Major J.B. McCord, now in command of the regiment, forwarded the application with the endorsement, “Respectfully forwarded and earnestly recommended.”

No doubt to the relief of all concerned, Special Orders No. 132 from headquarters, Department of the Gulf, May 19, 1865, announced that “1st Lieutenant H.C. Kelly … is honorably discharged [from] the military service of the United States…” Kelly returned to Chicago where he seems to have lived until his death.

The puzzle of Kelly’s early war service is only deepened by his application for a pension in 1899. This states that “he first enlisted at Cairo, Ill., Jan. 1862, as a coppersmith, and served on the U.S.S. Swallow, then to the Champion after the destruction of the Swallow, then the Sovereign.

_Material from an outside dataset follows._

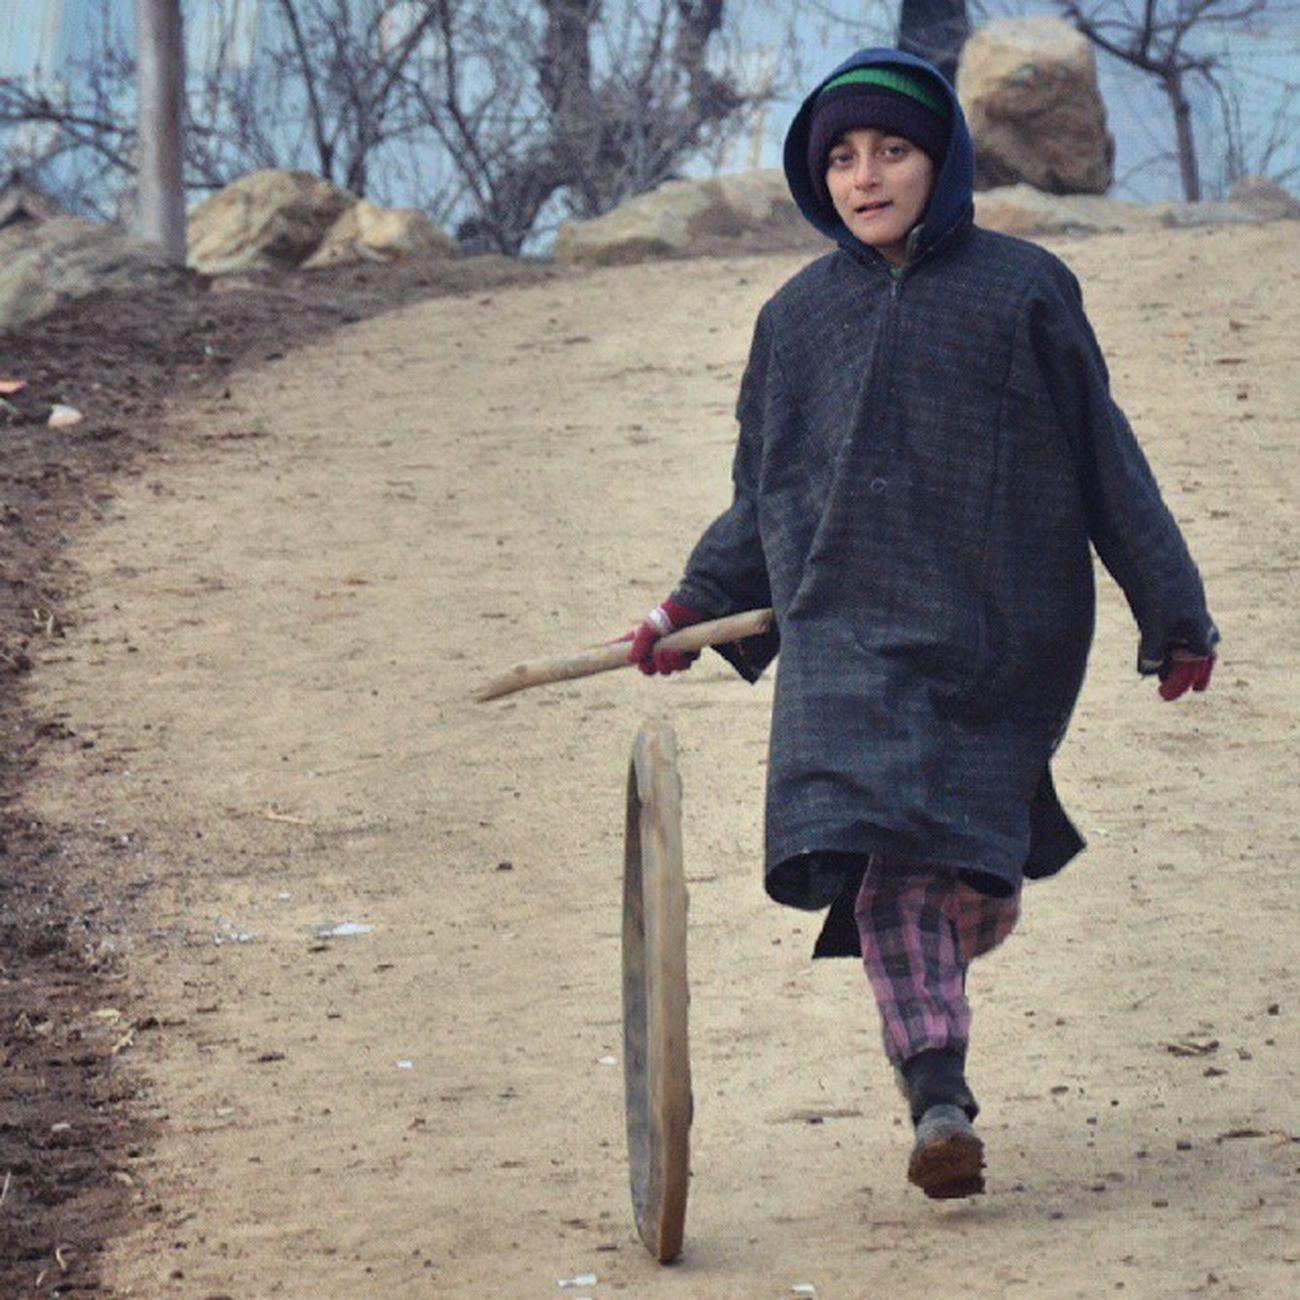 Kasheer Kashmir Pakistan ChildrenOfKashmir PhiranClad KashmirTalks Itravel IExplore Iclick IExploreKashmir IAmKashmir IPhotographKashmir ILoveKashmir Iphotograph Revoshotsphotography Revoshots Rebel Revo Nikon Bandipur Freedom

After being absent on sick furlough about six months, was assigned to the Fairplay as Asst. Engineer. Was finally discharged from the Sovereign after a service of about ten months. That he never served on the G[un] B[oat] Benton in 1862, or at any other time, but did work on the Benton, fitting pipes, &c. That he was appointed 2nd Lt. Battery G 1 st Tenn Lt Arty about Dec. 1862, and remained with said Battery until finally discharged in Feb. 1865.” Or, as Kelly stated in his 1907 pension declaration, March 1865.

In fact, there is no listing for a Henry Kelly as an assistant engineer on the U.S. Navy roster. However, a Captain Henry C. Kelly is listed in Tennessee records as commanding Co. G, 1 st Tennessee Light Artillery Battalion, which was organized November 1, 1863 and mustered out of service July and August 1865.

Kelly died from a cerebral hemorrhage on March 16, 1909, aged 71, and was buried at Rosy Hill Cemetery, Chicago. His widow Catherine lived on in Chicago until May 1919.